Recently published in Pediatrics, the USC Dornsife team surveyed parents in the Understanding America Study during the Omicron variant’s surge between February and March 2022, when pediatric COVID-19 cases peaked. The Southern California-led team covers the topic of lower COVID-19 vaccine rates across the pediatric population.
For example, while 92% of adults have received COVID-19 vaccination, only 39% of children 5 to 11 and 68% of persons 12 to 17 are fully vaccinated.
The study results reveal that 45% of parents believed the vaccine’s long-term risks to their child outweighed the risks of not being vaccinated. 18% of the surveyed parents articulated that they would feel responsible if their child became sick post-vaccination.
According to study lead, Liu, “Parents’ hesitancy may be partly driven by apprehension about the vaccine, stemming from its rapid development and the use of newer techniques.”
"People often exhibit a more cautious approach when making medical decisions for others, including their own children, than for themselves,” Liu said. “Some tend to do nothing rather than vaccinate their child, even though such inaction could result in negative consequences.”
The study authors appear substantially focused on the driving goal of increasing the COVID-19 vaccination rate of young people, less a deeper look into parental concerns.
Parental concerns about the prospect of the COVID-19 vaccine's long-term effects aren’t irrational. The COVID-19 vaccines (the current commercial investigational products) have not been studied long-term. True, mRNA-based vaccines and therapies have been under investigation for a few decades, but actual commercial products are just a few years old. TrialSite has reported before on Moderna in its investor disclosure reports in 2019 and 2020, indicating the totally novel nature of the mRNA vaccine products.
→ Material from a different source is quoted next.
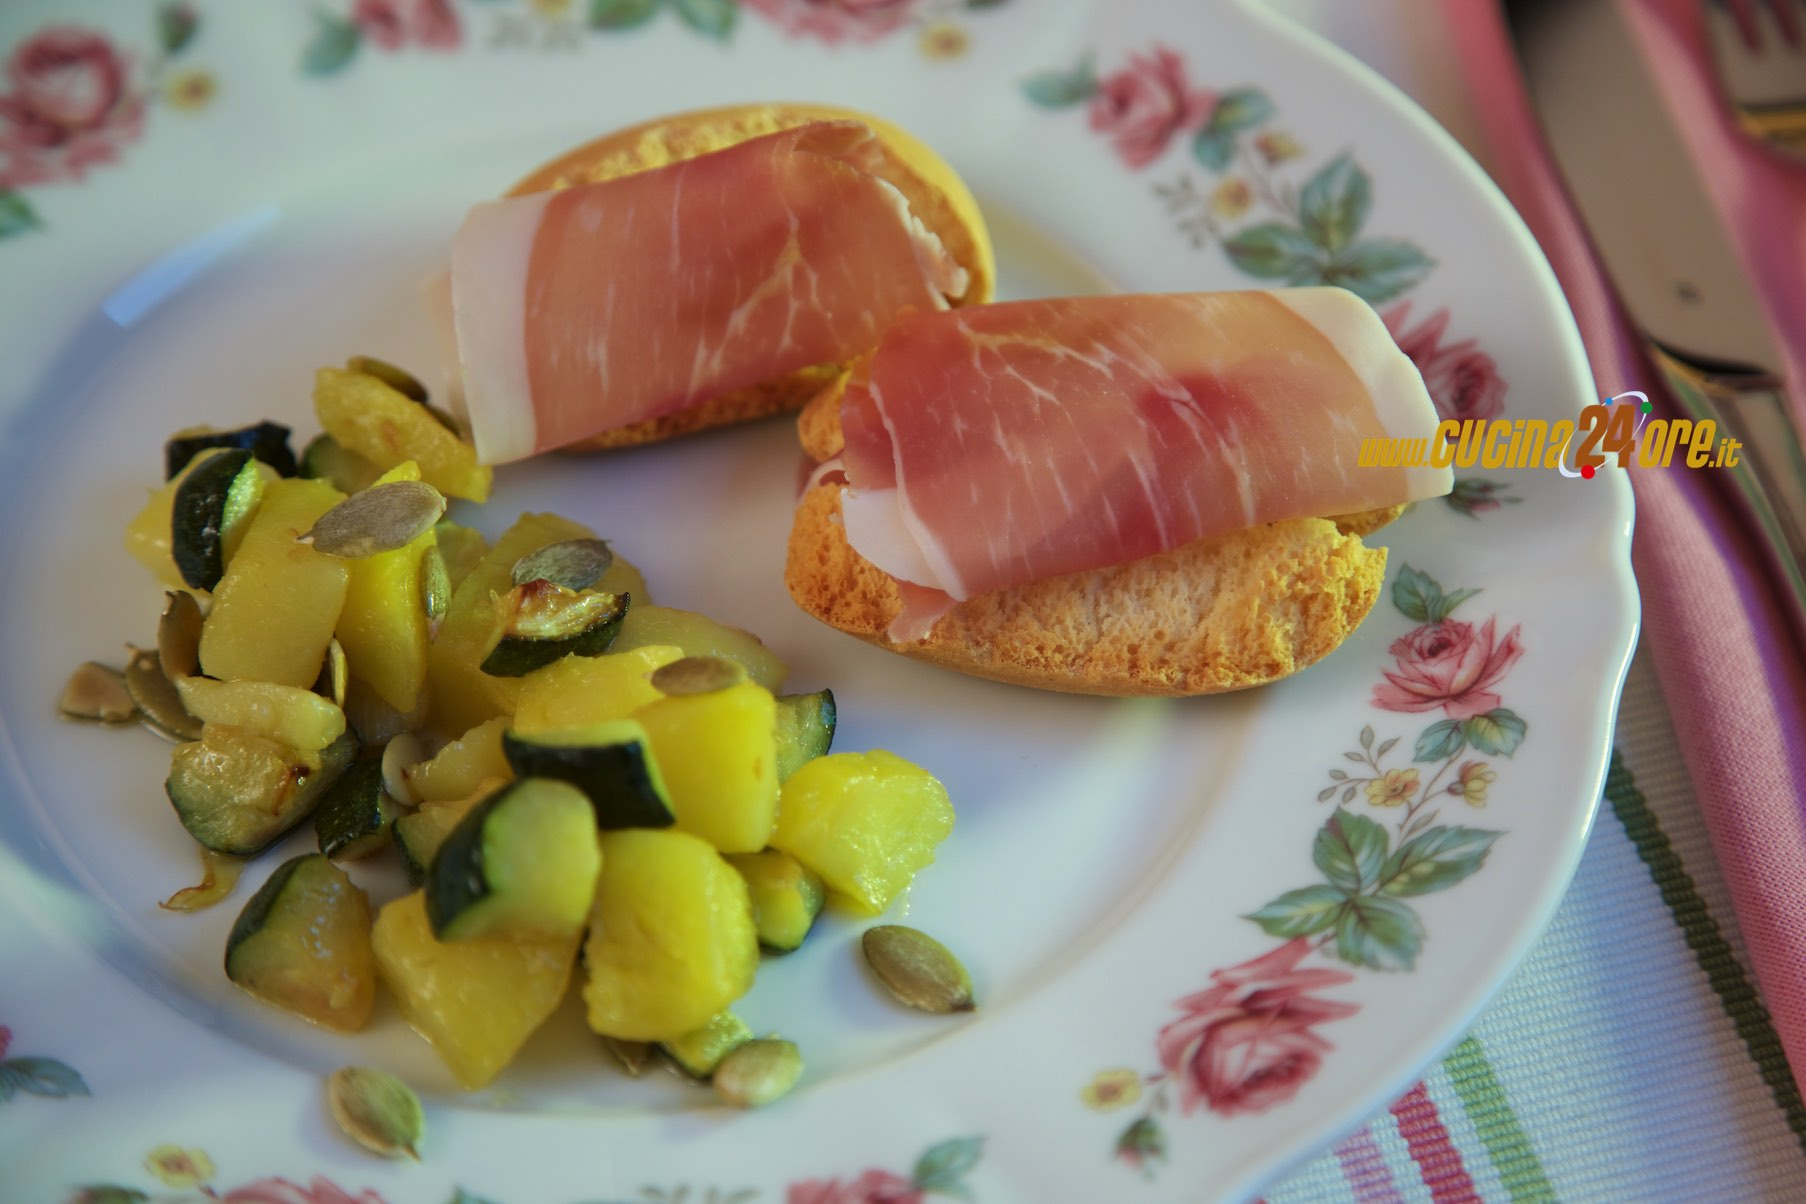 Dadolata di patate e zucchine ai semi di zucca 3 modi per tostare i semi di zucca foto e video - Modi per cucinare patate ...

In fact, the current bivalent COVID-19 vaccines now in circulation remain investigational and under emergency use authorization. The versions of the vaccine that were licensed/approved (monovalent primary series of both Pfizer-BioNtech and Moderna) have been scrapped by the Food and Drug Administration (FDA) in favor of the investigational bivalent products.
While some studies suggest the risks of myocarditis/pericarditis associated with mRNA-based COVID-19 vaccines are substantially less than the risk associated with COVID-19 itself, other studies reveal a disturbingly high incidence of cardiovascular-related adverse events associated with the vaccines.
The FDA has authorized the bivalent COVID-19 (original strain and BA.4/BA.5) vaccine now as the only product available for children aged 6 months and up. The overall vaccination rate associated with experimental (investigational) released in September 2022 hovers at about 20% for all eligible Americans. Clearly, some concerns accumulate across society about the COVID-19 vaccines.
Concerns about myocarditis for example should be discussed openly—not discounted while other COVID-19 pediatric risk-benefit factors such as state and severity of the virus, variant, infection rate and natural immunity from previous infection all need to be understood as part of an unfolding pediatric-based` risk-benefit analyses.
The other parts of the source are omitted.